Follow our style guide: How to wear purples and lilacs?


Purple is in for quite a while now. First in the catwalks and catalogues, and little by little we see it also more on the streets. Not maybe the easiest colour to choose for most of us, and often it is one of those 'love or hate' colours. But actually you can do a lot of nice combinations with purple or the lighter lilac. If you are afraid to invest directly in bigger pieces, try what accessories would do, maybe a soft lilac beanie, or a scarf, and start small.


Here we have combined a mid purple soft jumper and teal green trousers. You can of course pick up different tones of both colours. Safe and easy way is to use together one dark colour and one lighter colour. For example dark green with lighter lilac, or deep purple with mint green. These looks would be quite balanced yet interesting.

For bolder looks you can combine dark green with dark purple, or both colours with lighter variants. Test and see, whether it suits you.


Have to admit, this combination is also bold, but nevertheless quite stunning. We chose a turtleneck in deep purple, and bright cheerful vintage inspired trousers in pumpkin orange, and to finish it up also a scarf by Wolvis. To tone these colours down, try combining with lilac or more muted terracotta.

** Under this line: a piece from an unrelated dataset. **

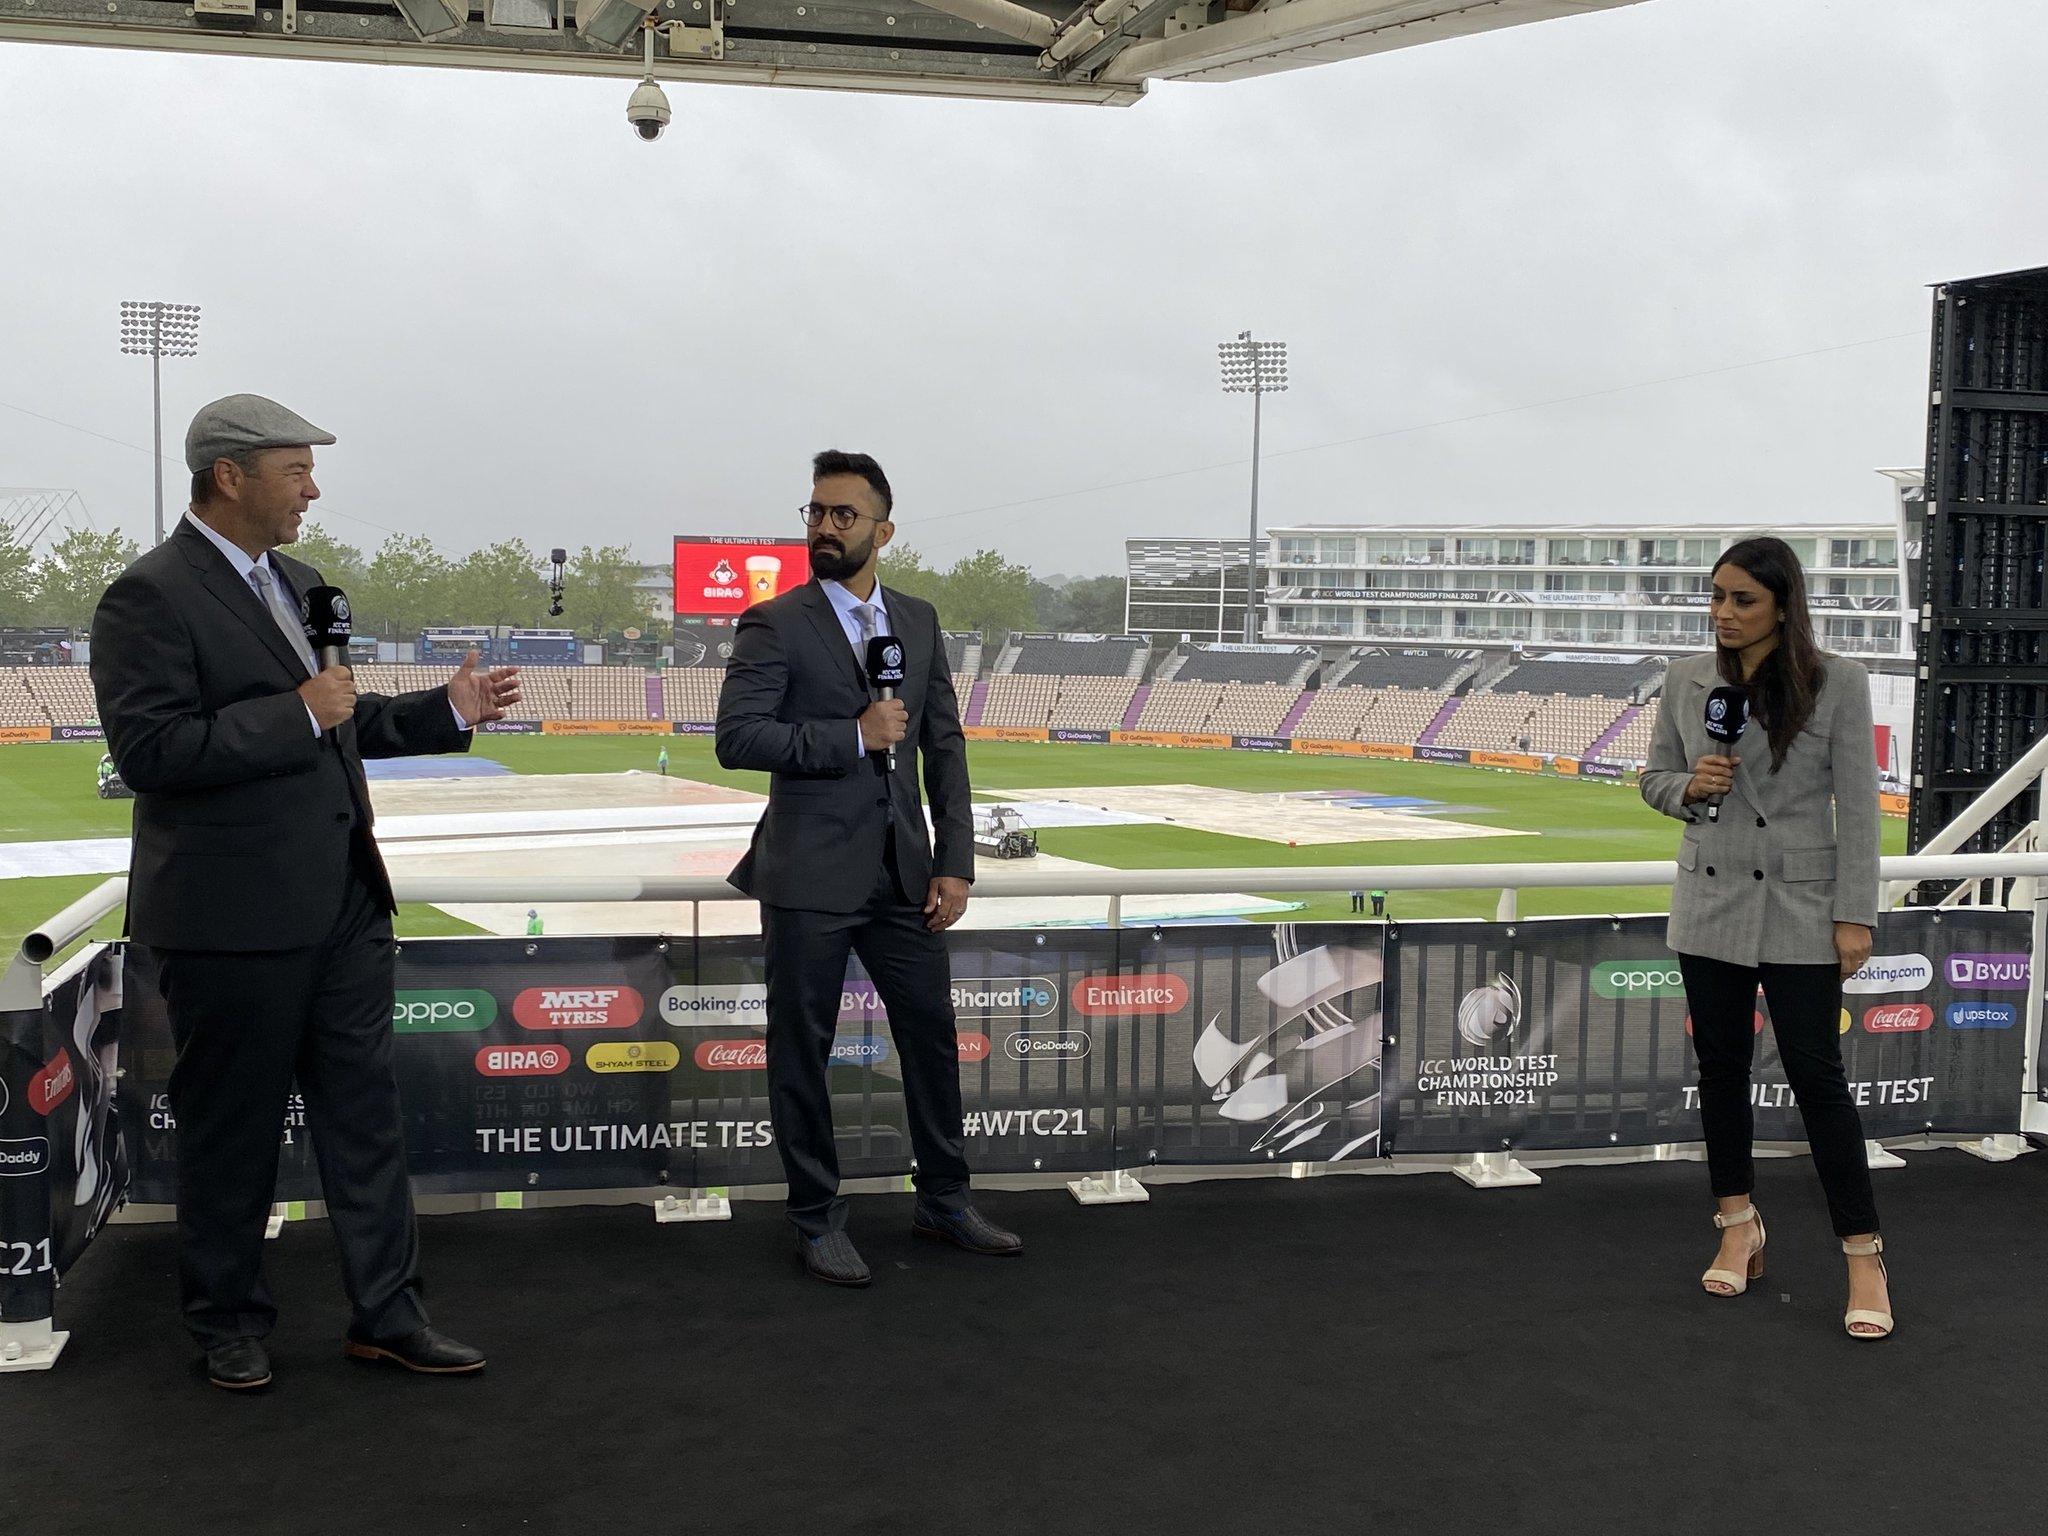 कमेंटेटर पैनल में फाइनल के लिए भारत के विकेटकीपर बल्लेबाज दिनेश कार्तिक को भी शामिल किया गया है। बारिश को लेकर अपडेट देते कार्तिक और ईशा गुहा (दाएं)।

Here you can go in many ways. Try pale pastel blue with dark purple, can be stunning. Or like here take a dark blue jumper and combine with lilac trousers. Exciting, but accessible and not too over the top.

If you want to add a third colour in this scheme, try out different greens.


In this look we went all the way with lighter tones, and we added ecru to the combination of lilac and mustard. The lilac T-shirt has a nice subtle print, the trousers actually combine with different colours as well as for example black. The scarf adds more mustard yellow to the pallet.

As an alternative you can also choose to combine darker mustard, and maybe even darker purple. Instead of ecru you can go for beige as additional neutral colour, or even darker brown would be ok.


Here we opted also for a lighter tones, caramel brown and lilac. The T-shirt comes in lilac, the trousers are melange caramel, in flannel, and both colours return in the soft toned sneakers.

You can also try to combine lilac with darker browns like cognac - can be quite stunning - or chocolate brown. 


Grey combines beautiful with strong colours. Here we just added some magenta sneakers to add interest in a monochrome outfit with a T-shirt and trousers. You can add any purple tone to grey, just test what you like.


Storng and sweet combination, of a jumper and pink corduroy trousers, for if you like a little more colours. Here you can also test different tints of purple combined with different pink. Try for example dusty pink with strong purple. Or the same pink with lilac, both can be beautiful together, but very different. We combined soft warm pink again with the mid toned purple.


These colours can clash but if you are not afraid some bold styles, this combination can be just your new favourite. We went for bright red jumper, again with the lilac trousers, but you try even darker purples here. 

* On the prices we use the concept price per wear, this calculated per 30 wears. For most of the clothing at least we hope that they will be worn much more than this, but on average we fall too often behind of this target, according to studies. The 30 wears minimum is a good start, to justify the ecological footprint of the garment. And for us as consumers a new way to consider how much we wear our clothing, and how much the cost of our clothing is per wear, instead of only looking at the purchase price, which may encourage us to buy lower quality at a cheaper price.